I'll be rooting from afar this weekend for Andy Stern and all the other dissidents who threaten to break up the house of labor during its showdown convention in Chicago.
One of the best thing that ever happened to the labor movement was the split between the AFL and the CIO in 1935, creating the healthy competition that forced organized labor to retool itself for the industrial era, setting the stage for eventual reunification. The defection of Stern's Service Employees International Union, the AFL-CIO's largest and fastest-growing union, along with the possible departure of the Teamsters and grocery, hotel and needle workers, holds the promise of finally dragging the union movement into the 21st century.
For the past 30 years, organized labor been in a time warp, either oblivious to dramatic changes in the world -- deregulation, globalization, outsourcing and the digital revolution -- or pursuing ill-fated attempts to hold them back.
Even in the golden years of the '50s and '60s, when as many as 1 in 3 private-sector workers was a union member, union strength was concentrated in oligopolistic industries such as steel and autos, or regulated industries such as transportation, communication and power generation, where competition was limited and companies could pass their costs on to consumers.

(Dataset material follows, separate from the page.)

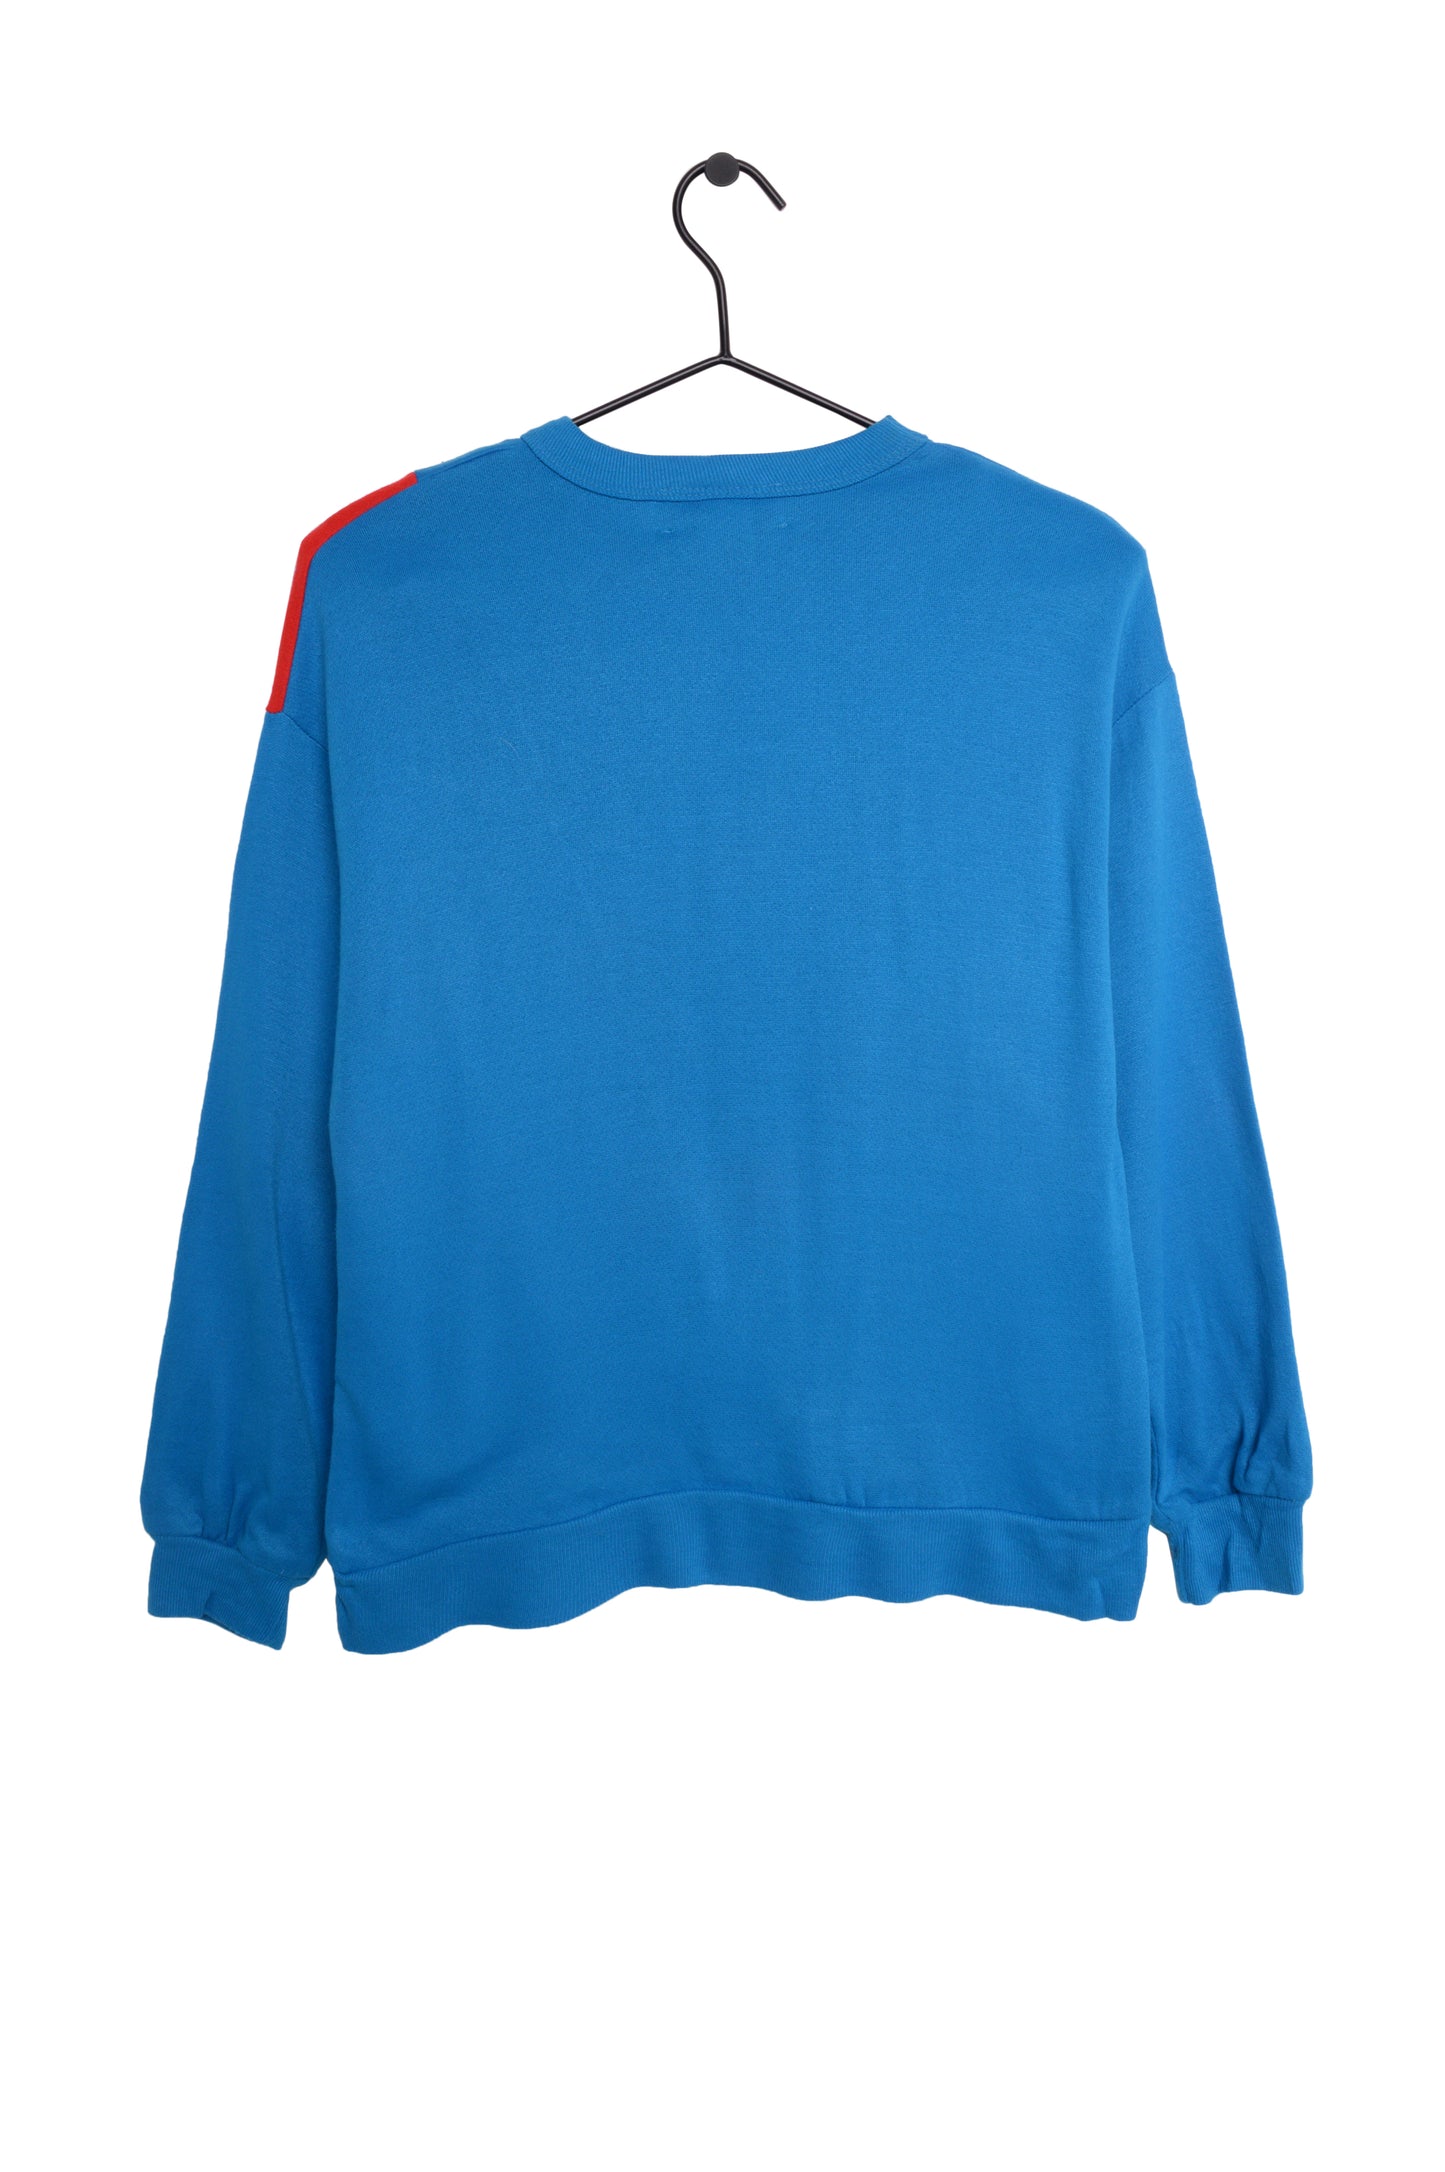 1980s Colorblock Sweatshirt USA

In government and construction, unions used political muscle to win passage of laws that guaranteed them a healthy share of the market. Mob ties made it easy to organize workers and negotiate generous contracts for Teamsters and longshoremen.
As the union movement grew, millions of Americans were able to enter the middle class. Union contracts evened out the pay between the most valued and productive workers, and those who were less so. And even nonunion employers were forced to offer union wages and benefits to retain valued employees.
What we know now, however, is that those "golden years" were the result of exceptional economic circumstances brought on by the political, financial and technological dominance of the United States following World War II. But as those favorable conditions changed, unions dug in, focusing their energies on preserving pay and benefits and work rules that were unsustainable in a time when markets became more competitive.
At the same time -- and, perhaps, not coincidentally -- investment and growth shifted to those regions (the Sunbelt, Mexico), those industries (tech and services) and those sectors (small and medium-sized business) where unions were weakest.
The results of the unions' backward-looking strategy can be found in statistics showing that less than 10 percent of private-sector workers are union members, with that group heavily weighted toward workers over age 50. They can be found in two-tiered labor contracts that protect older workers to the detriment of younger ones. And they can be found in industries such as steel, autos and airlines, where nonunion companies, paying good wages, are able to thrive while unionized competitors shrink or slide into bankruptcy.
How did it come to pass that the American labor movement is now more about protecting $250,000 pay packages for airline pilots than making sure that janitors and farm workers and chicken processors earn a living wage? Or about ensuring that $25-an-hour auto workers pay nothing toward their gold-plated health insurance plan at a time when 1 in 7 Americans has no insurance at all?
Why is it that, at 7 each morning in cities across America, dozens of young men eager to work, and contractors and homeowners eager to employ them, meet at street corners or parking lots rather than the union hall?
And what should be said about a labor movement that asks Americans to block trade with developing countries that don't honor labor rights -- but sat by as Americans were systematically stripped of their right to form unions at home?
My point here is that the decline of the labor movement is as much the story of missed opportunity as it is one of changing political and economic circumstances. And the blame lies squarely with union leaders more concerned with preserving the past than retaking the moral high ground and grabbing hold of the future.
This isn't a problem only for union members. Just as it's bad for an economy when unions get too strong, it's also bad when they are too weak. It's no coincidence that the decline in union membership mirrors a decline in the share of national income going to workers, along with declines in income equality and social mobility. Having a vibrant, market-savvy union movement is in everyone's interest, whether people choose to join one or not.
Next: What is to be done?
Steven Pearlstein will host an online discussion at 11 a.m. today at washingtonpost.com. He can be reached at firstname.lastname@example.org.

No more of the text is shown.